I wish you both well!
Soul hug,
Marina
Hello
My concerned question is do vanishing twin get or grow spiritually as we do? Like are we on the same age even though they never set foot here?
Hi Rebecca,
I believe that in that realm time is probably different from our concept of time.
What I feel is that they are in the soul path they are meant to and we are in the one we are meant to and when we give them a place in our heart and process the emotions of their loss, we connect more with life while we are on this plane.
Soul hug,
Marina
Hi:)
I’m a vanishing twin survivor. I have a feeling like my twin sister is the same aga as I am. That’s what I’m feeling.
Hope it helps
Hugs
Magda
Thank you, Magda! Yes, often twins of ones that left feel that way.
Soul hug,
Marina
I suspect that my son is a vanishing twin survivor.. I was 8 weeks and I had all the signs of a “threatened medical miscarriage/abortion” heavy bleeding, painful cramping and feeling nauseous from pain. Yet, when they finally did the ultrasound.. My one baby was fine. I wasn’t showing as much after that day too. My cervix was closed and yet I was having symptoms of miscarriage. When he was born his placenta was gray with a cluster of veins on the opposite side from his umbilical cord. I’ve suspected always he was a twin. Especially since his biological father has had another woman pregnant with twins too.(she unfortunately lost them).

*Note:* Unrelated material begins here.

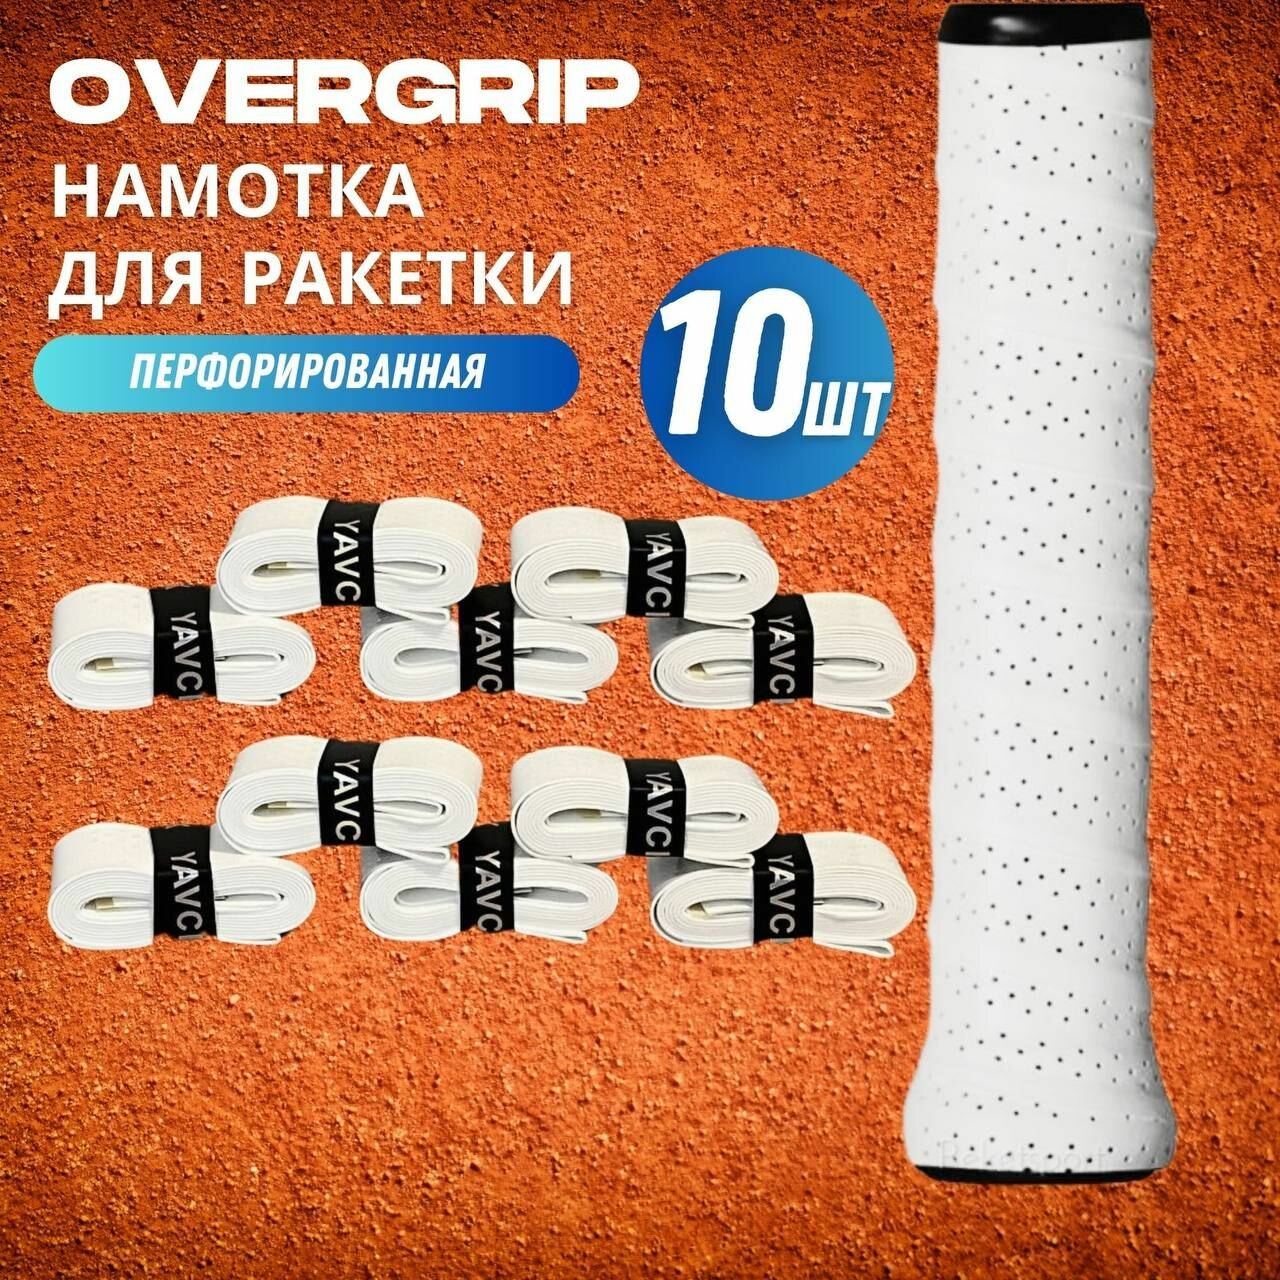 Намотка для ракетки (overgrip) белая перфорированная, 10 шт
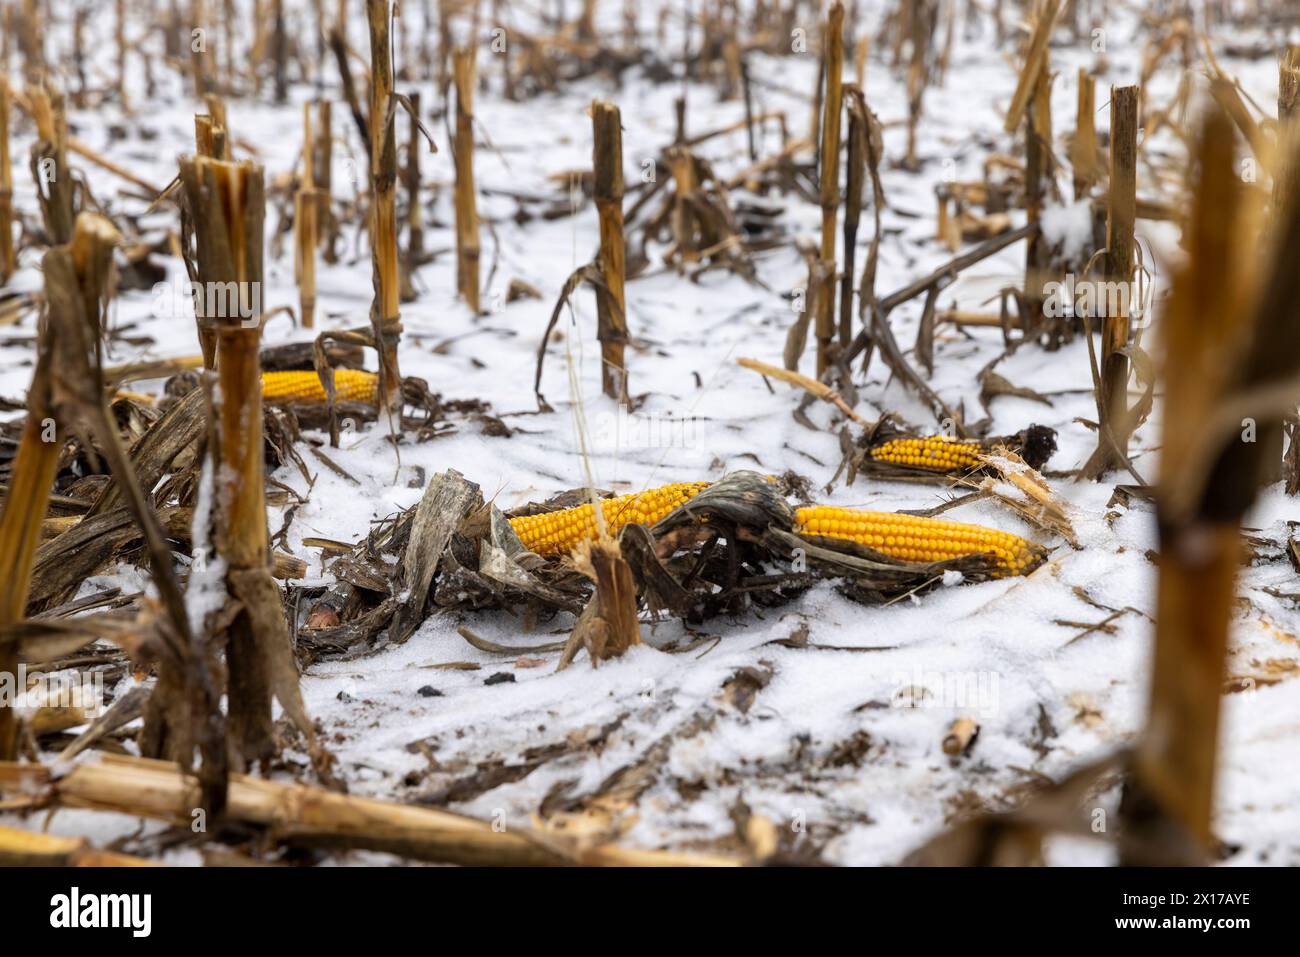 Un champ de maïs enneigé en hiver, le maïs se trouve dans la neige après la récolte et les chutes de neige Banque D'Images

Thank you for sharing your experience as mom of twins, even if one did not make it into birth.
Moms know.
Soul hug,
Marina
I want to know more about vanishing twin cz I have been told I’m da 1 who survived
Hi Sli,
There is a lot of literature about it that you can find online.
In addition, if you are interested in working with the soul so acknowledge your twin and give him or her a place and work on the grief/survival guilt, you could always set up a family constellation.
Best,
Marina
Knowing what a vanishing twin is and learning how to see and integrate him has finally answered many lifelong questions and explained that feeling of loss that has been there all my life!
Now this deep knowledge is what will help my triplets who also lost their sibling while in the womb to integrate her and see her and rejoice her instead of taking her burden!
Knowledge is power, and family constellation knowledge is healing, integrating, truth and liberation!
Thank you so much Marina!
I honour you, Muna, and the deep work that you are doing. It is a pleasure to accompany you on this journey.
Many blessings to you and your entire family system!
Soul hug,
Marina
Hmmm…how would you set up a constellation with a suspected vanishing twin? Place the twin and see if there is any resonance for the client? And if not, assume there was none?
Yes, that is a good start, and taking into account the other siblings too because it is very important that the person takes their place within the sibling line as well.